- THE PROBLEM
Every line below from the one containing "TOMMY JEANS Jeans" through the one containing "Une Bonne Année" must be transcribed exactly. Omit all lines outside that stretch.

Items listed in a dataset
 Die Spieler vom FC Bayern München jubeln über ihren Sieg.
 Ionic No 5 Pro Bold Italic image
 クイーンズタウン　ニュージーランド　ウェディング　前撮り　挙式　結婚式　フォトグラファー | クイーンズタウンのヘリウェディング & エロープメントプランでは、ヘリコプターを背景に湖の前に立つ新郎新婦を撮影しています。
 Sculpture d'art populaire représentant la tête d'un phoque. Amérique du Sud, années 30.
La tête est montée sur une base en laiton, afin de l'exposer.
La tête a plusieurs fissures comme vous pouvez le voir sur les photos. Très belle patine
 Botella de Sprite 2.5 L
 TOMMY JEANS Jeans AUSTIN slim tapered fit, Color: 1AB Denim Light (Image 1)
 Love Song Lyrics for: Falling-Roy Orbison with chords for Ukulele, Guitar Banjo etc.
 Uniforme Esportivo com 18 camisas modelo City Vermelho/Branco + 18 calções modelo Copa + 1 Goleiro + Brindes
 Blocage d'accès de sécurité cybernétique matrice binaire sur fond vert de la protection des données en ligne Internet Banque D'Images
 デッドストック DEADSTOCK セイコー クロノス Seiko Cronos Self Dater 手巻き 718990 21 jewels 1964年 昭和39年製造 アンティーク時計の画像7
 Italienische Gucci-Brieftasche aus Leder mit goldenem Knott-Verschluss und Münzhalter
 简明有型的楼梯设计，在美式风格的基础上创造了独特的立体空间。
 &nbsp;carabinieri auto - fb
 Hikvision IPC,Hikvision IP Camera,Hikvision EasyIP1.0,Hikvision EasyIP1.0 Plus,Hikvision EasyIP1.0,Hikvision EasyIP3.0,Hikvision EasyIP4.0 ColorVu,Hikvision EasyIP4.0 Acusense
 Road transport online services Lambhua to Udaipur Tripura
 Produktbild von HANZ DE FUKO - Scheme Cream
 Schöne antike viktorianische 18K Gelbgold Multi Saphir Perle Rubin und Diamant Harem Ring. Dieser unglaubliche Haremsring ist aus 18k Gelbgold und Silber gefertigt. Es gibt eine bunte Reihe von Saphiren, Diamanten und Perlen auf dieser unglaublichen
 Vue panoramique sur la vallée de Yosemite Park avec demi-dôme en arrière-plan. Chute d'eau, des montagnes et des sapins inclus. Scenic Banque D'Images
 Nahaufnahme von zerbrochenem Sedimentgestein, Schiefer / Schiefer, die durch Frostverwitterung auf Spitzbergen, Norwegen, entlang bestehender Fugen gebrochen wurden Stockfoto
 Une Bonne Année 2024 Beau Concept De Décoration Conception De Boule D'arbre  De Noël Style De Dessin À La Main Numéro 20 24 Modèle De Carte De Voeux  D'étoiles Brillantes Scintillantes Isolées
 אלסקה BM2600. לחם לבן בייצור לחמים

- SOLUTION BELOW
 TOMMY JEANS Jeans AUSTIN slim tapered fit, Color: 1AB Denim Light (Image 1)
 Love Song Lyrics for: Falling-Roy Orbison with chords for Ukulele, Guitar Banjo etc.
 Uniforme Esportivo com 18 camisas modelo City Vermelho/Branco + 18 calções modelo Copa + 1 Goleiro + Brindes
 Blocage d'accès de sécurité cybernétique matrice binaire sur fond vert de la protection des données en ligne Internet Banque D'Images
 デッドストック DEADSTOCK セイコー クロノス Seiko Cronos Self Dater 手巻き 718990 21 jewels 1964年 昭和39年製造 アンティーク時計の画像7
 Italienische Gucci-Brieftasche aus Leder mit goldenem Knott-Verschluss und Münzhalter
 简明有型的楼梯设计，在美式风格的基础上创造了独特的立体空间。
 &nbsp;carabinieri auto - fb
 Hikvision IPC,Hikvision IP Camera,Hikvision EasyIP1.0,Hikvision EasyIP1.0 Plus,Hikvision EasyIP1.0,Hikvision EasyIP3.0,Hikvision EasyIP4.0 ColorVu,Hikvision EasyIP4.0 Acusense
 Road transport online services Lambhua to Udaipur Tripura
 Produktbild von HANZ DE FUKO - Scheme Cream
 Schöne antike viktorianische 18K Gelbgold Multi Saphir Perle Rubin und Diamant Harem Ring. Dieser unglaubliche Haremsring ist aus 18k Gelbgold und Silber gefertigt. Es gibt eine bunte Reihe von Saphiren, Diamanten und Perlen auf dieser unglaublichen
 Vue panoramique sur la vallée de Yosemite Park avec demi-dôme en arrière-plan. Chute d'eau, des montagnes et des sapins inclus. Scenic Banque D'Images
 Nahaufnahme von zerbrochenem Sedimentgestein, Schiefer / Schiefer, die durch Frostverwitterung auf Spitzbergen, Norwegen, entlang bestehender Fugen gebrochen wurden Stockfoto
 Une Bonne Année 2024 Beau Concept De Décoration Conception De Boule D'arbre  De Noël Style De Dessin À La Main Numéro 20 24 Modèle De Carte De Voeux  D'étoiles Brillantes Scintillantes Isolées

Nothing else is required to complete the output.